We affirm. County Court did not inquire as to whether defendant read or understood the detailed written waiver that he executed prior to pleading guilty, and we therefore agree with defendant that the written appeal waiver is invalid (see People v. Davis, 199 A.D.3d 1123, 1124, 156 N.Y.S.3d 568 [2021], lv denied 37 N.Y.3d 1160, 160 N.Y.S.3d 692, 181 N.E.3d 1120 [2022] ; People v. Gamble, 190 A.D.3d 1022, 1024, 138 N.Y.S.3d 729 [2021], lvs denied 36 N.Y.3d 1095, 1097, 1098, 144 N.Y.S.3d 156, 167 N.E.3d 1291 [2021] ). That said, County Court's oral colloquy reflects that defendant was informed that his appellate rights were separate and distinct from the trial-related rights that he would be forfeiting by pleading guilty (see People v. McCoy, 198 A.D.3d 1021, 1022, 152 N.Y.S.3d 635 [2021], lv denied 37 N.Y.3d 1162, 160 N.Y.S.3d 724, 181 N.E.3d 1152 [2022] ; People v. Ballester–Perez, 195 A.D.3d 1234, 1235, 145 N.Y.S.3d 871 [2021], lv denied 37 N.Y.3d 970, 150 N.Y.S.3d 685, 172 N.E.3d 797 [2021] ), and defendant was expressly advised that, notwithstanding his waiver of the right to appeal, some appellate review survived (see People v. Christy, 200 A.D.3d 1322, 1323, 155 N.Y.S.3d 384 [2021] ; People v. Crossley, 191 A.D.3d 1046, 1046–1047, 137 N.Y.S.3d 746 [2021], lv denied 37 N.Y.3d 991, 152 N.Y.S.3d 414, 174 N.E.3d 354 [2021] ).

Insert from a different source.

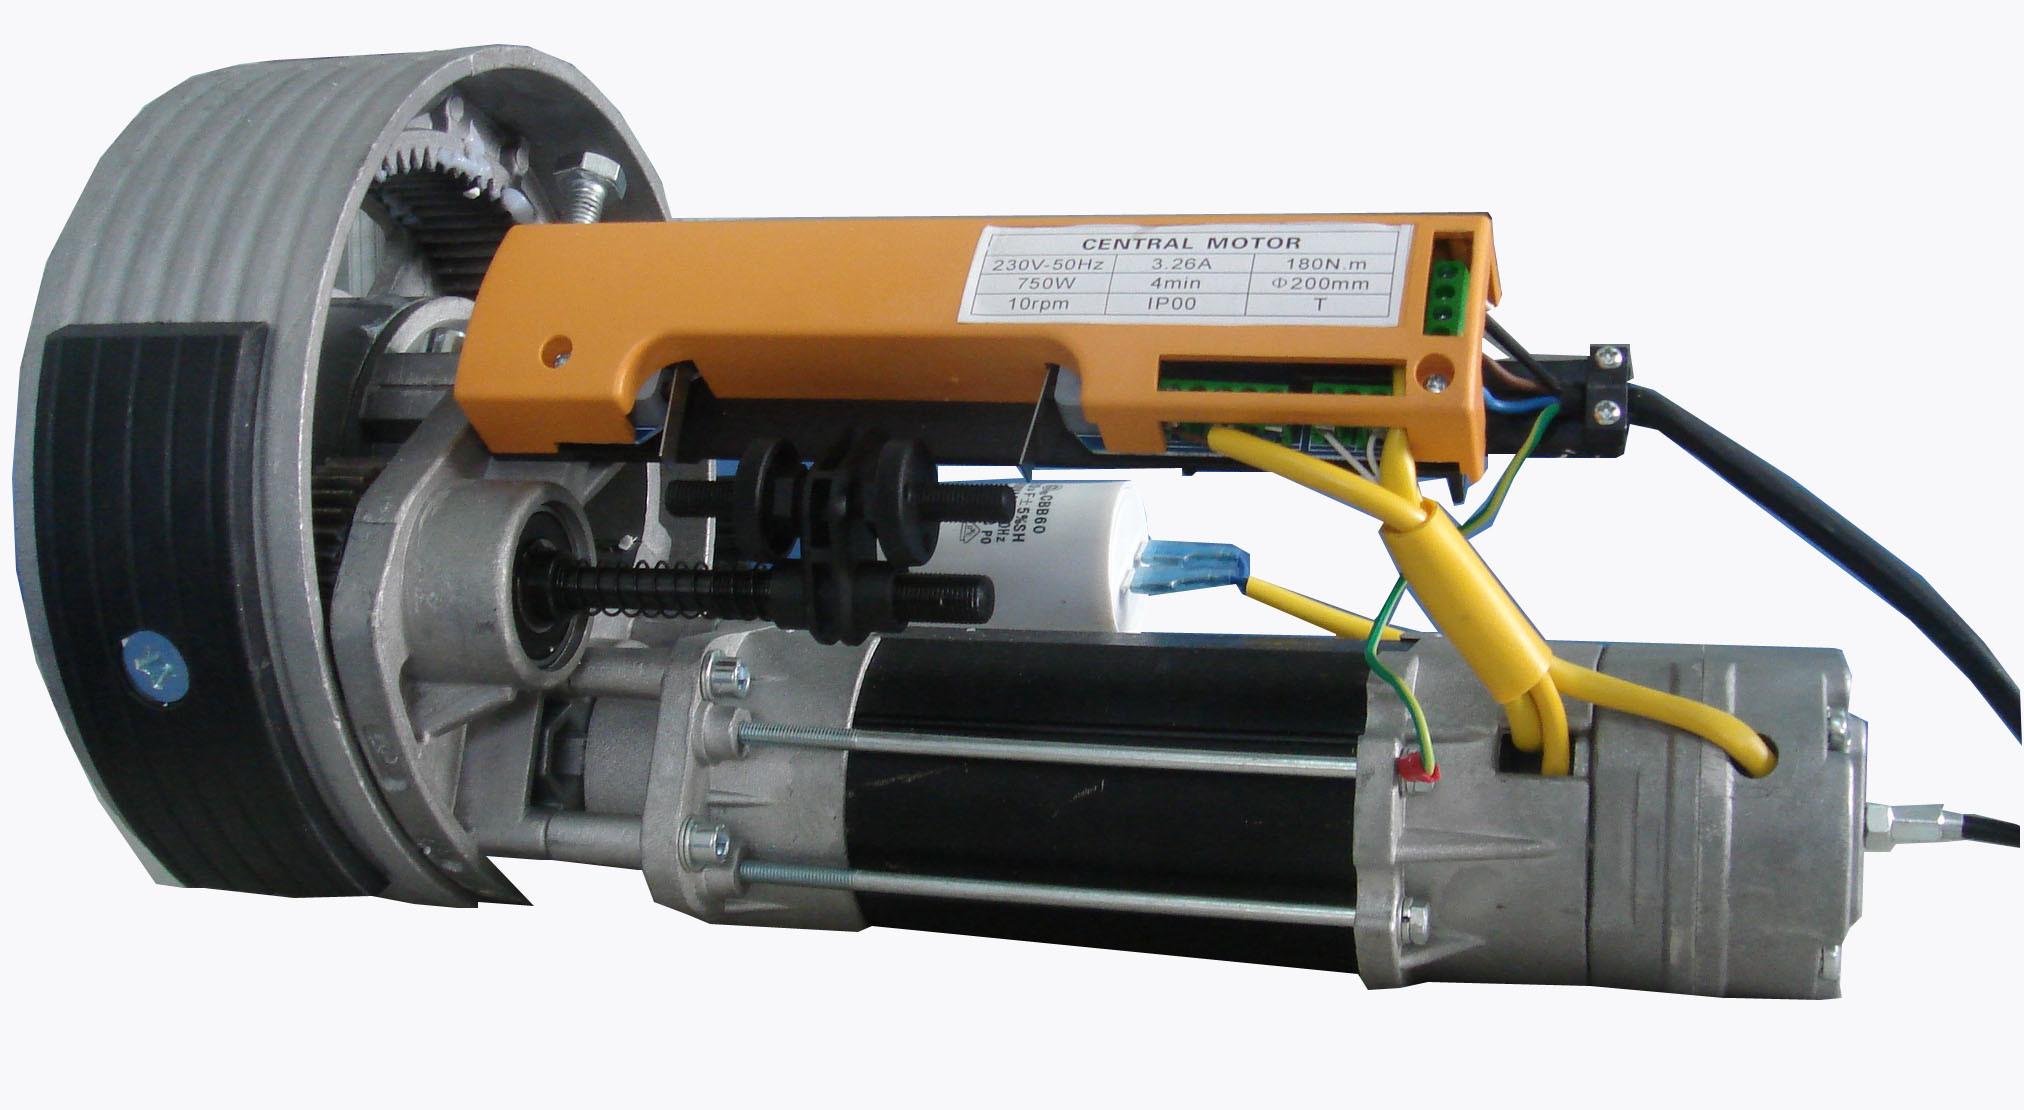 Easy to Install and Conveniet Central Roller Shutter Door Motor
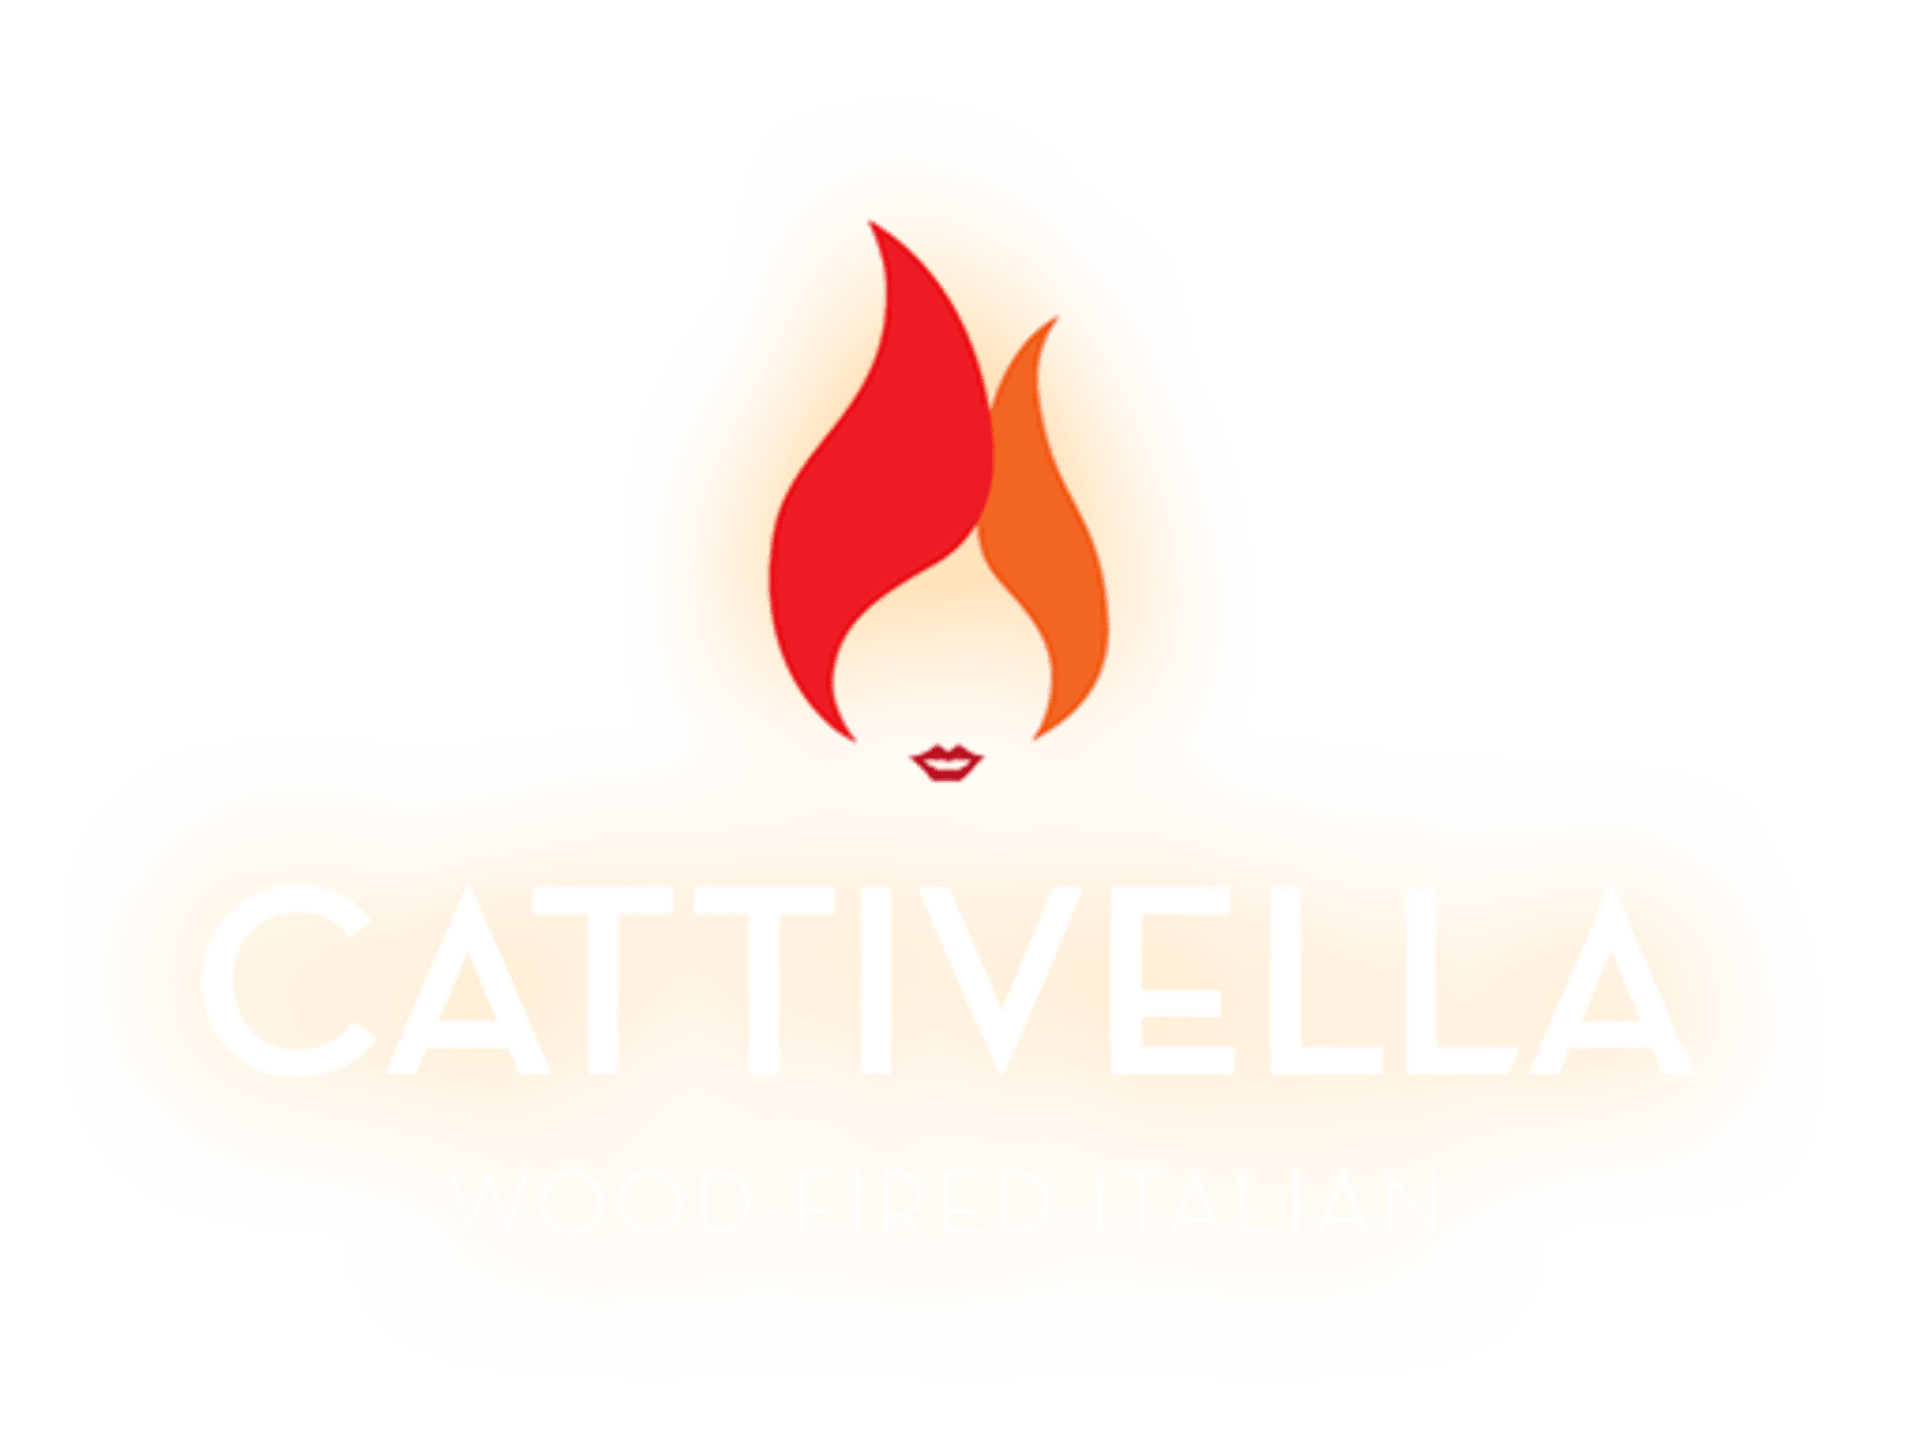 Cattivella Wood-Fired Italian

In response to County Court's inquiries, defendant indicated that he understood the rights that he was relinquishing and was doing so of his own free will (see People v. Soto, 199 A.D.3d 1128, 1129, 156 N.Y.S.3d 571 [2021] ; People v. Bonner, 182 A.D.3d 867, 867, 120 N.Y.S.3d 862 [2020] ). Under these circumstances, we find that defendant knowingly, intelligently and voluntarily waived his right to appeal (see People v. Bonner, 182 A.D.3d at 867, 120 N.Y.S.3d 862 ). Given the valid appeal waiver, defendant's challenge to the severity of the sentence imposed is precluded (see People v. Crampton, 201 A.D.3d 1020, 1021, 159 N.Y.S.3d 263 [2022], lv denied 37 N.Y.3d 1160, 160 N.Y.S.3d 690, 181 N.E.3d 1118 [2022] ).
Clark, J.P., Reynolds Fitzgerald, Ceresia, Fisher and McShan, JJ., concur.
ORDERED that the judgments are affirmed.